The answer from many quarters midweek was a resounding yes, days after an assassination attempt on former Republican President Donald Trump rocked the country over decades of political violence in the United States.

Several late-night shows that thrive on political comedy immediately changed their plans, with Comedy Central’s “The Daily Show” canceling its Monday show and its plan to broadcast from the Republican National Convention in Milwaukee this week. Its host, Jon Stewart, and his colleagues delivered somber monologues.

On Tuesday, comedy rock duo Tenacious D, consisting of Jack Black and Kyle Gass, canceled their performances. the rest of his world tour “and all future creative plans” After Gass delivered his birthday wish onstage: “Don’t miss it next time,” Gass apologized.

Democratic President Joe Biden, no stranger to mocking Trump, called his wounded rival, paused his political ads and messaging and called on the nation to “cool down” the rhetoric.

So if comedy is tragedy plus time, when is joking okay again? And who’s giving the thumbs up, since the shooter who took aim at Trump also killed former fire chief Corey Comperatore while protecting his family?

There is nothing funny about Saturday’s assassination attempt or any of the other violence plaguing the United States since the beginning. Trump got punched in the ear while speaking to protesters in Pennsylvania. A Trump supporter and the shooter were killed and two bystanders were injured. The attack sparked serious questions about security vulnerabilitiesIt was the latest episode of political violence in America, with attacks in politics dating back to at least 1798 when two congressmen from opposing parties fought each other in the U.S. House of Representatives.

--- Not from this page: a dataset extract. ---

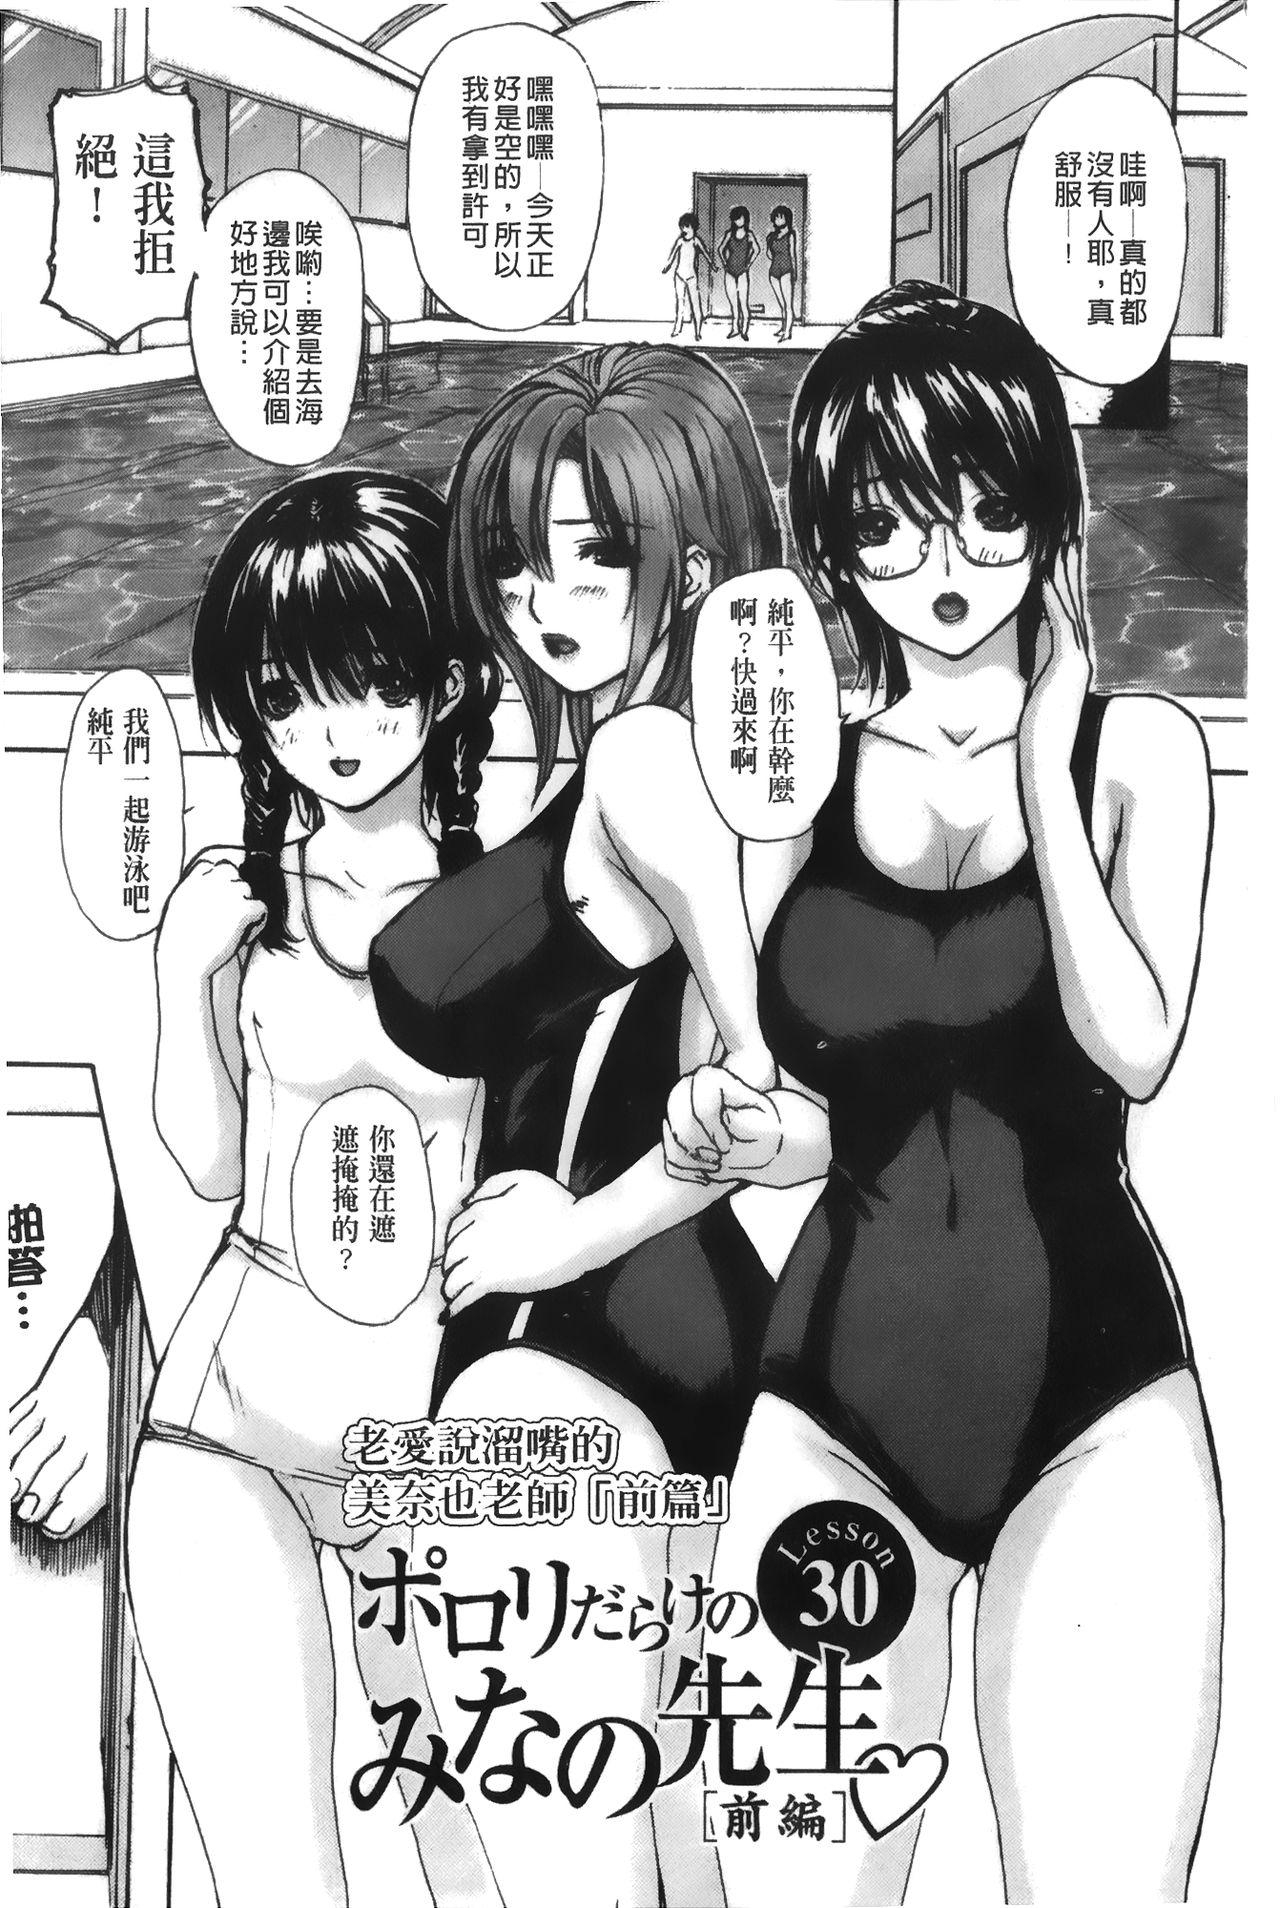 Tonari no Minano Sensei 4 | 隔壁的美奈乃老師 4 7

History books are full of other examples, but this century’s list is shocking. Former Rep. Gabby Giffords, D-Ariz., was shot in the head in 2011. Republican Rep. Steve Scalise of Louisiana, now House Majority Leader, was shot and critically wounded in 2017. A crowd of Trump supporters attacked the US Capitol on January 6, 2021 to prevent Congress from certifying Biden’s election. Paul Pelosi was assaulted in his home in 2022 by a man who was hunting his wife, former House Speaker Nancy Pelosi.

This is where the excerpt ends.